▶ **YOUR GOAL**
Every line below containing the word "Stockfoto" should be found and copied.
INPUT MATERIAL section start
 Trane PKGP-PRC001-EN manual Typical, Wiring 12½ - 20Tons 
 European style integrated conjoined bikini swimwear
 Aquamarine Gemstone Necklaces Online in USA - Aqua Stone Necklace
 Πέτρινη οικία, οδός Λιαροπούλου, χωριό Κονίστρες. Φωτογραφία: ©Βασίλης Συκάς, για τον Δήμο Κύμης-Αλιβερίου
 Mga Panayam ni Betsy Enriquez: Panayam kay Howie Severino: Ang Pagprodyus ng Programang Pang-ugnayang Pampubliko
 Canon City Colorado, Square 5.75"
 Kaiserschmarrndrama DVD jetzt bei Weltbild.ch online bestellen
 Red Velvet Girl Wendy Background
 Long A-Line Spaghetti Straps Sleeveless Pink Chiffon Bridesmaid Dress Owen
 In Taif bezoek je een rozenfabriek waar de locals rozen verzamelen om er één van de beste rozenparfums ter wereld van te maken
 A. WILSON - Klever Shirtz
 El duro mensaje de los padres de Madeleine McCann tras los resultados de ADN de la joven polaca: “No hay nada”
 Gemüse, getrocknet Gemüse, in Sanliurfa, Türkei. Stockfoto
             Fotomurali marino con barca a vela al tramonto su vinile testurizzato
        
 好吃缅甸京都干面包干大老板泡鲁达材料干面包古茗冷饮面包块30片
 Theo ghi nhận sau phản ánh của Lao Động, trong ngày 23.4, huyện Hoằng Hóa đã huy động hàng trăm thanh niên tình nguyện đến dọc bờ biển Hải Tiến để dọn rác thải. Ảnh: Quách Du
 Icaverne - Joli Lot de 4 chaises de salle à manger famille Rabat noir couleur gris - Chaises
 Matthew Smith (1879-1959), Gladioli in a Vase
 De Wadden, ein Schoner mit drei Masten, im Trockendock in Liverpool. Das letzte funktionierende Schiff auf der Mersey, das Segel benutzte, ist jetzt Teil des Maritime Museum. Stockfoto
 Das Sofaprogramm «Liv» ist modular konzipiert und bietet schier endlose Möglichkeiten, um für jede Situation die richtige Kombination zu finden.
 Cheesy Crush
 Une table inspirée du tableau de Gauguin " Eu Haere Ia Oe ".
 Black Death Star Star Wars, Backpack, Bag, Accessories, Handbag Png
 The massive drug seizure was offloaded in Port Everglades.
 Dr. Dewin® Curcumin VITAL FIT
INPUT MATERIAL section end
▶ **PROBLEM SOLUTION**
 Gemüse, getrocknet Gemüse, in Sanliurfa, Türkei. Stockfoto
 De Wadden, ein Schoner mit drei Masten, im Trockendock in Liverpool. Das letzte funktionierende Schiff auf der Mersey, das Segel benutzte, ist jetzt Teil des Maritime Museum. Stockfoto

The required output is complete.